Said about microchips: are good but thinks that not many will bother (unless professional)! reading the chips in actual life. 
Besides, microchips tend to move deep into tissues. May need to be chipped more than once. 

Some pros tattoo the hind leg, visible. Those dogs are rarely stolen.


----------



## Big Rick (Apr 14, 2009)

Depend on the government to legislate something that's common sense.

Dexter got his when he was neutered and Scarlet was chipped by the breeder. In addition to the chip they each have a tag with their number on their collar. Scarlet escaped through the garage once and we got a call from AKC CAR about 30 minutes later (didn't even know she was missing). She had turned up at a neighbor's house. They called in the number and she was back home soon. Even though it wasn't the actual chip that got her returned, having it registered worked perfectly.


----------



## Ozkar (Jul 4, 2011)

It's been mandatory for a while here in Australia. Prior to that it was optional, but most opted for it even prior to being mandated. It can make for fast recovery of a list pup.


----------



## texasred (Jan 29, 2012)

I don't care for big government.
I think they should have better things to do that make laws on chipping dogs.
Yes mine are chipped but big brother didn't tell me I had to do it.


----------



## Darcy1311 (May 27, 2012)

Darcy is chipped and that was my choice, it's not decent owners like us that need worry, but it's all those with so called fighting dogs that will never bother chipping theire dogs no matter what laws are passed by this UK government..


----------



## hotmischief (Mar 11, 2012)

It is a good idea in theory and my dogs have been micro chipped for years. Boris's breeder micro-chipped the whole litter, which I understand is a common practice nowadays.

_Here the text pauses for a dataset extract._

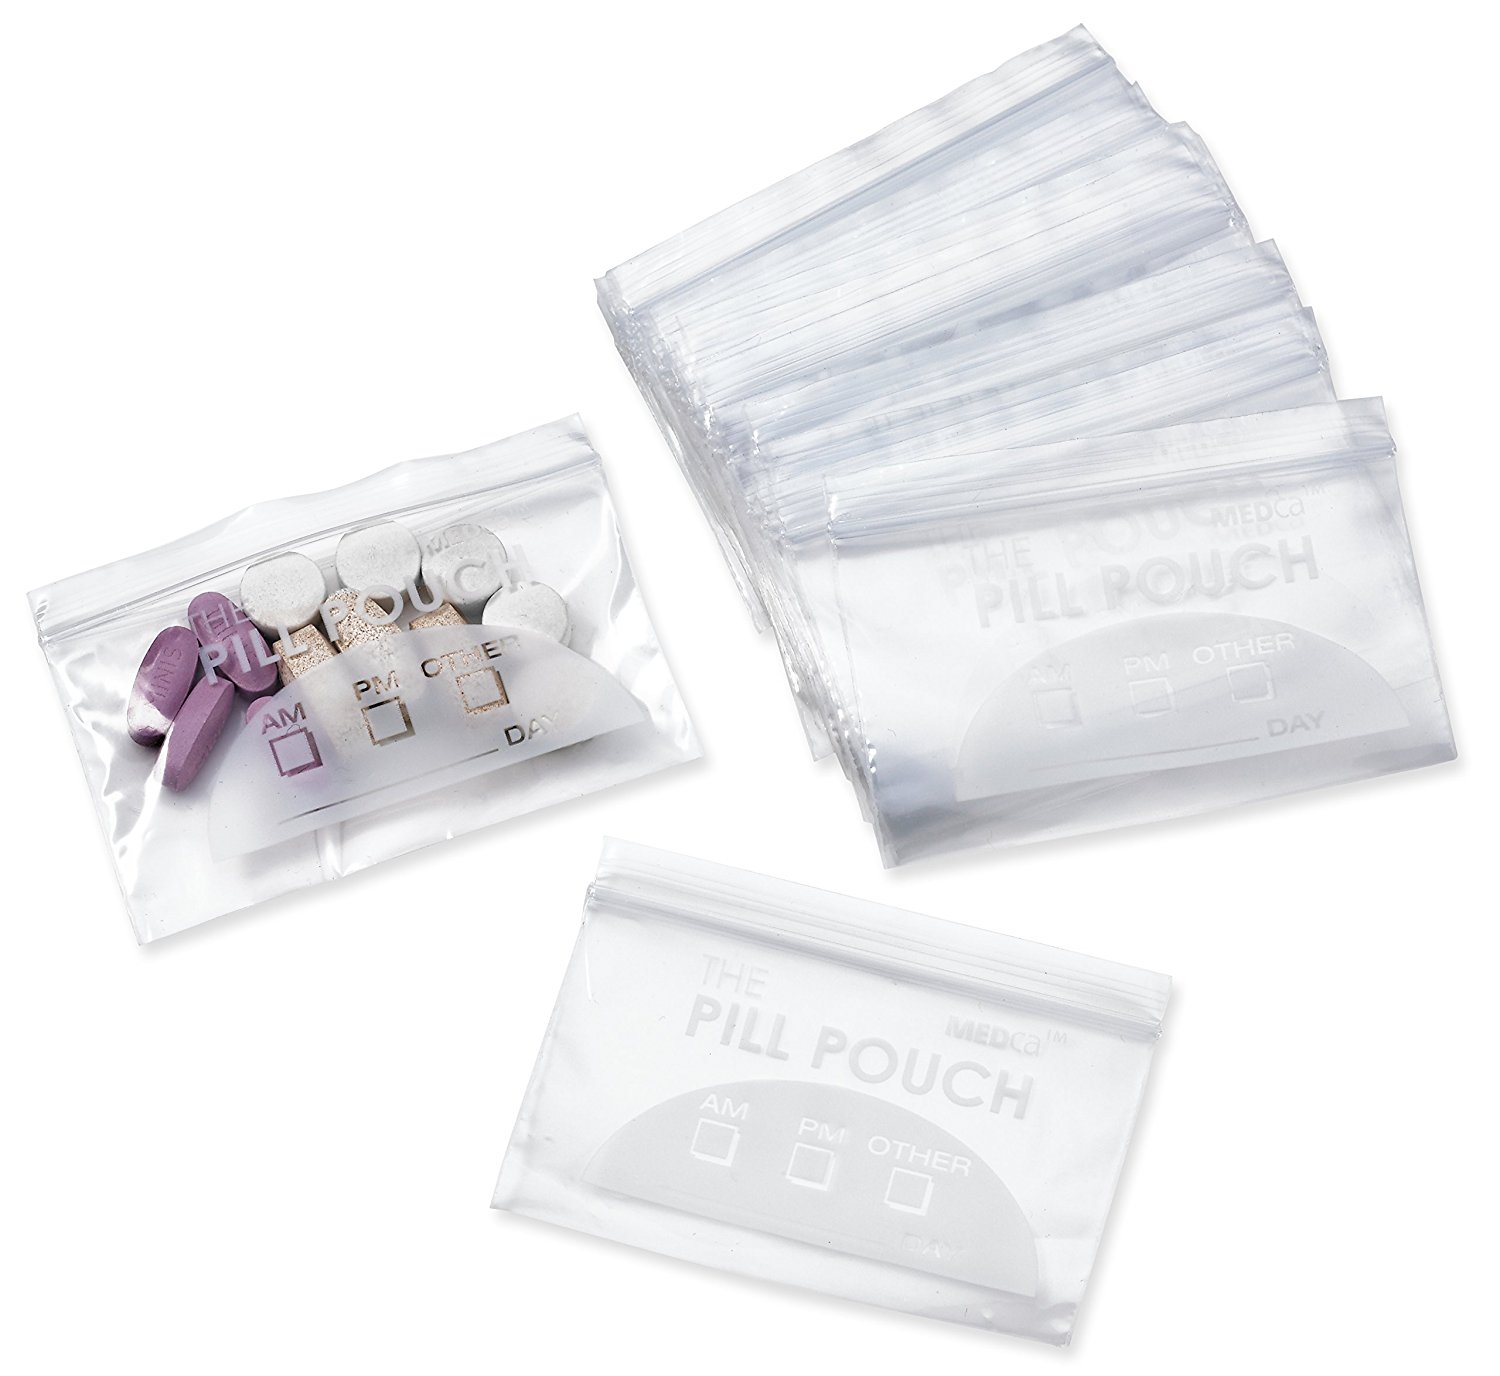 Plastic Pill Travel Organizer Bags With Write-On Labels - 100 Ct

However, who is going to police and enforce this law??? 10 years ago they made it law that every horse in the UK had to have a passport. It all started off okay, but nobody policies it other than competition horses. There are hundreds of coloured horses kept for meat export in this country and not a one of them has a passport.

I am all for micro chipping, it is a responsible thing to do. As for being a legal requirement - that is a joke. Good business for the vets though.


----------



## datacan (May 15, 2011)

There is a not so clear side to this as well.... someone lost a dog and the person who found it, changed the registration....

"I have contacted HomeAgain, since i'm the original owner of these pets. They inform me that they have NO policy in place to safegaurd the transfer of the microchip info from one person to the next. ANYONE can change the microchip registration." 
http://www.dogster.com/forums/Dog_Laws_and_Legislation/thread/654690

I believe that AVID and HomeAgain are the two choices, most used. 
We found a dog two years ago, Christmas Eve. It had a HomeAgain tag and chip, which we called the number on the tag and later that evening the owner came and picked up the Spainel girl... that's when we fell in love with the breed :-*
Later this year we adopted a little Spainel mix girl.


----------



## KB87 (Jan 30, 2012)

datacan, very interesting post. I had no idea about this. I will definitely have to do some research with our chip to see what their policy is about changing the registration. It completely defeats the purpose if anyone can change the information to claim the dog and pretend it is theirs. Hmm.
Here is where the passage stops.